If we want to run the DAQ, first we have to compile the code as follows:

MacBook: g++ -L/opt/local/lib -I/opt/local/include/libftdi1 -lftdi1 -std=c++17 -O3 FTDI.cpp -o FTDI
Nuc PC: g++ -L/usr/lib64 -I/usr/include/libftdi1 -lftdi1 -std=c++17 -O3 FTDI.cpp -o FTD​I

We can then run the code with the adequate parameters:

./FTDI nexys/usb104 num_DDCports FSR t_INT(us) nmeasurements outputfile board (testmode)

We can also visualise "live" (reads from average.csv) using the livePlot code.

g++ -o livePlot livePlot.cpp `root-config --cflags --glibs` -O3 
./livePlot num_DDCboards FSR yScale revB/C reversetrue/false (clean folder background.txt backST.txt frontST.txt ...)


Running FTDI code the average time per read should be ~170us, giving a data transfer speed of ~0.47MB/s.

  • We acquire data using FTDI.cpp code, changing the output file to Run001.txt, Run002.txt and so on.
  • If we want to acquire data and show it live we need to use progh.sh
 ./prog.sh nexys/usb104 4 350 0 170 100000 50 true capture.txt revB/C true/false (fit/test/clean) (folder background.txt backST.txt frontST.txt ...)


5. Data analysis

Two different codes are used for the data analysis: replay.py and fit.cpp, their functionalities are described below.

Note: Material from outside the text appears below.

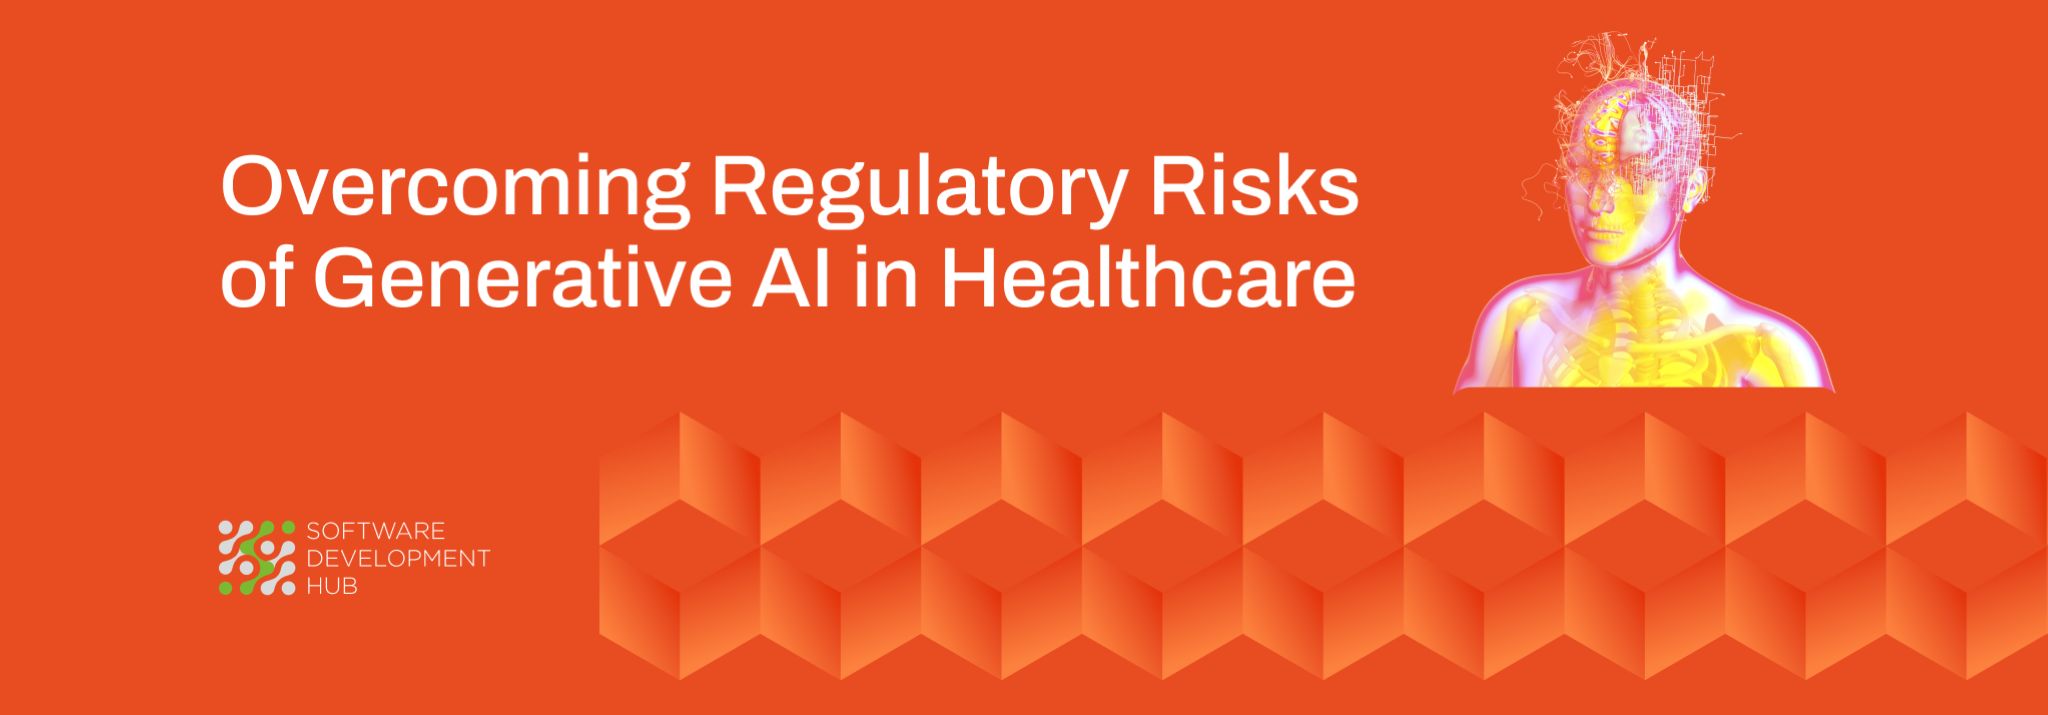 Overcoming regulatory risks of generative AI in healthcare

replay.py code calibrates and subtracts the background of each measurement, generating an output text file with header information, all the individual calibrated measurements and the average of them all. An example file with data from Clatterbridge Hospital of what the generated file looks like can be found here [1], every individual run fit takes ~3.3s on a MacBook to be completed. All of them can be processed together by running the shell script ./replayshell.sh. To run this code we need the following arguments:

python3 replay.py t_INT framerate skipahead reverse folder run background backST frontST

fit.cpp averages the data at a user specified frequency (or generic 25 Hz) and then performs Bortfeld and Kelleter fits to the data. After the fitting, the beam energy and range are extracted for each of those averaged measurements. All of them can be processed together by running the shell script ./fitshell.sh An example of what the output of fit.cpp looks like can be found here [2]. This code needs to be compiled, and then run with the appropriate arguments.

g++ -o fit fit.cpp `root-config --cflags --glibs` -O3
./fit reverse energy facility folder run (frequency)

To show these data in the GUI a shell script that iterates through the lines of the fitted output file is necessary.

Previously both of the codes were developed in cpp. The replay.cpp replays the DDC232 acquisition by either stepping through each measurement or averaging measurements at specified frame rate, while fit.cpp performs the fit on calibrated and background subtracted data.

Questions

  • Boards: What needs to be done to them? Vivado codes into FPGA but boards? Daisy chaining? What was done in terms of usbC connection?
  • FPGA: no longer using nexys? What issues did we have with both of them?
  • Experiment: just use FTDI code changing the run number? where are these runs saved? Possible errors during data acquisition? test mode?
  • Data analysis: parameters for fit based on what?